RSUA / JP Corry Multi-Comfort Pavilion Design Competition: Winner!, Shane Birney Architects

21 October 16

The brief structured a challenge to design a low energy building with the highest level of thermal comfort, acoustics, visual aesthetics and air quality. Rather than adapt the environment to meet our expectations of ‘comfort’ we suggested that we should adapt ourselves to the environment. 

Our bodies have an average of 60,000 miles of arteries, capillaries and veins. These blood vessels have little muscles that help pump blood and provide oxygen throughout the body. Without exercising these muscles by moving from hot to cold and cold to hot their condition will become weakened and eventually atrophy. Being warm all the time puts unnecessary pressure on the heart to pump blood solely, emphasizing the increasing daily stress we all experience. 

Given the choice, we will almost unanimously choose to be warm rather than cold. We associate comfort with warmth, but what is comfort and what does it mean to be comfortable? Author Dr. Christopher Ryan claims “comfort should be positive and pleasurable, not just the absence of discomfort.” This calls for a redefinition of what we currently think being comfortable is. The mistake of modern society is believing that every slightly negative sensation needs to be filtered out. When we do this we are ignoring our bodies and don’t learn to adapt.

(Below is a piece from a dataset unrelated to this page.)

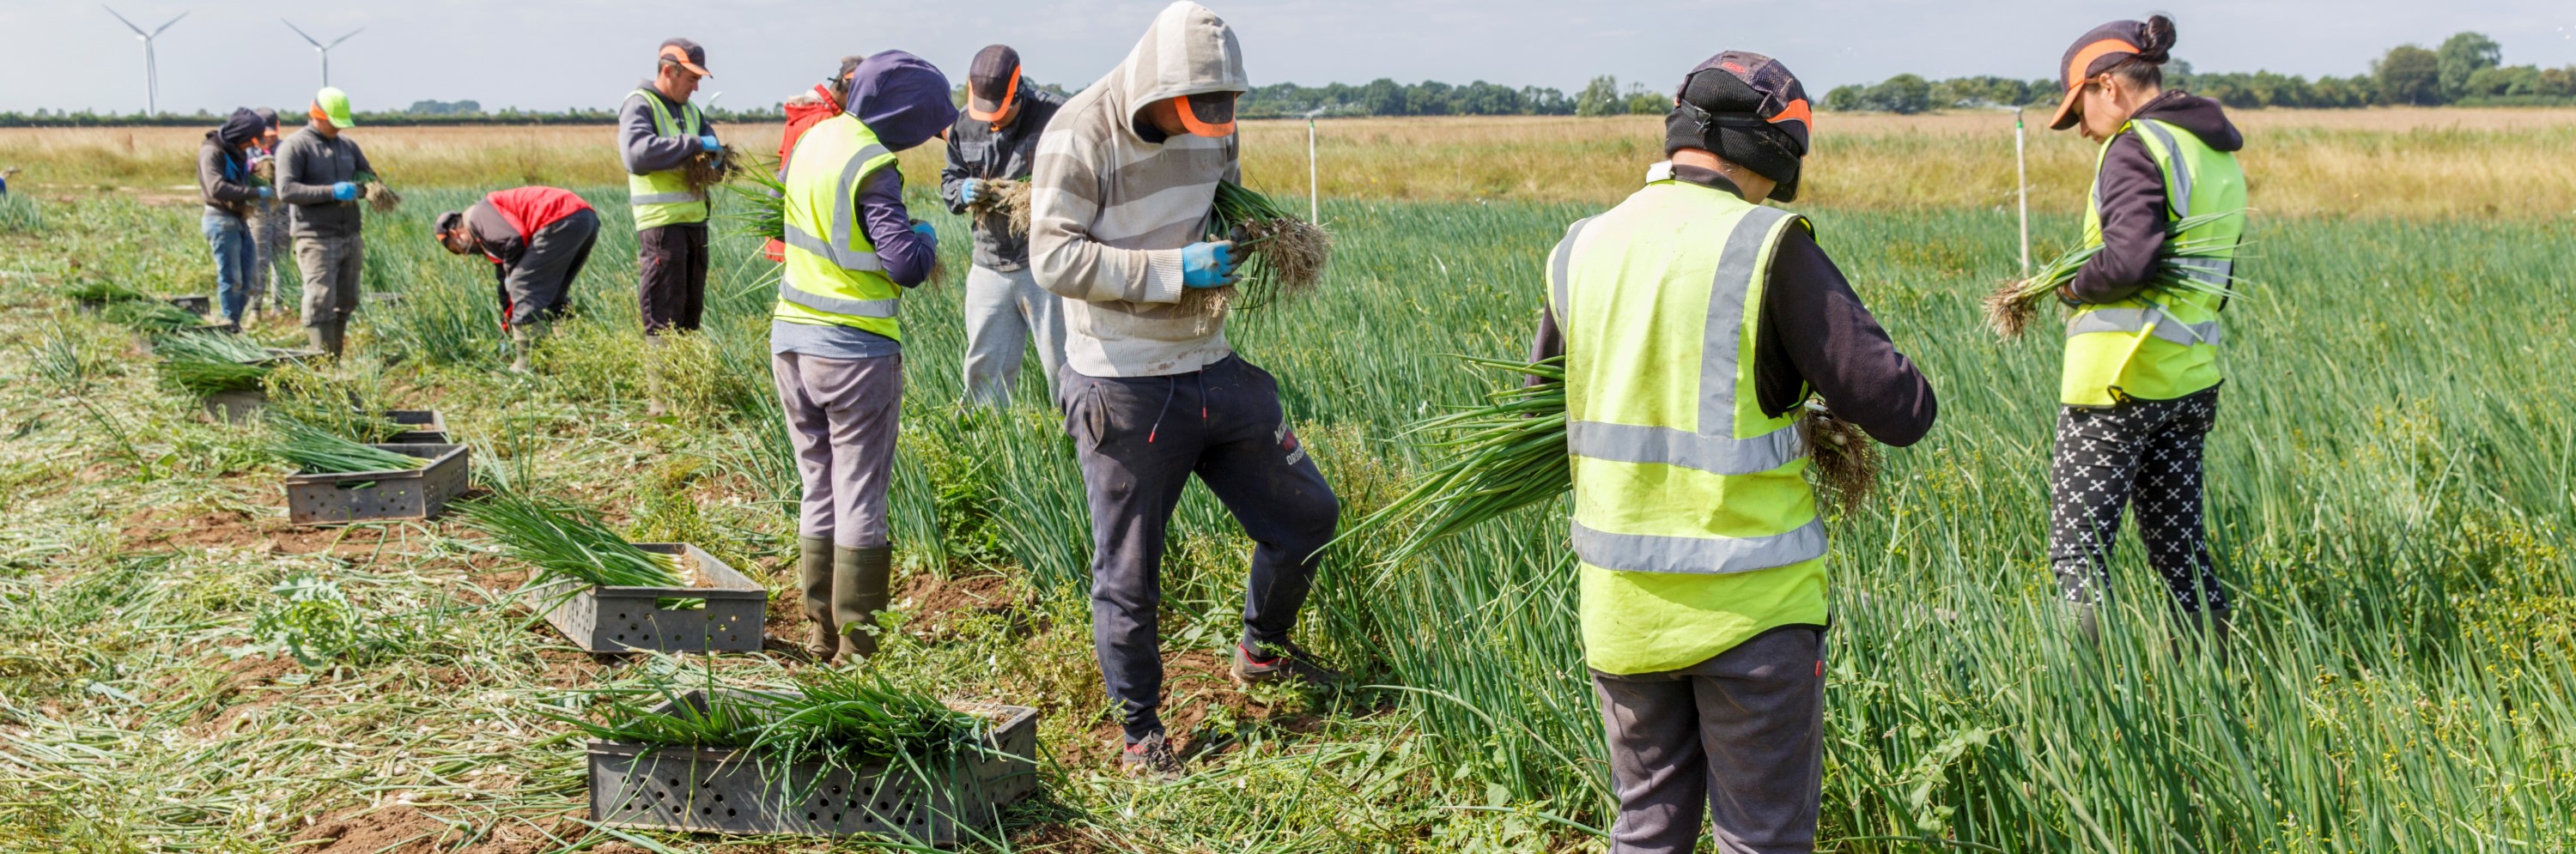 Hort seasonal workers harvesting spring onions

The solid rectangular timber form represents the rigid body of thought suggesting that modern human beings should live environmentally comfortable daily lives. The subtracted organic sculptural form represents a new approach that considers us as biological beings that can adapt to any environment so that we can enjoy the best experience anywhere. Its situation in Botanic Gardens allows it to be circulated with fresh outdoor air.

The pavilion has two small rooms with opposing extremes in temperature. One room will be a chilly -10°C and the other a searing 40°C.The Warmflow Ground Source Heat Pump enables the hot and cold rooms to be heated and cooled with minimal intervention this reducing operating costs, whilst also standing alone without the need for fossil fuels. Exploring the pavilion, moving from hot to cold or cold to hot, exercises our blood vessel muscles regaining and optimizing our ability to hand cold and heat. In this respect the pavilion unconventionally addresses our perception of thermal comfort.

Pavilion design by Aileen McConaghie, Kate Doherty and Colin McClelland.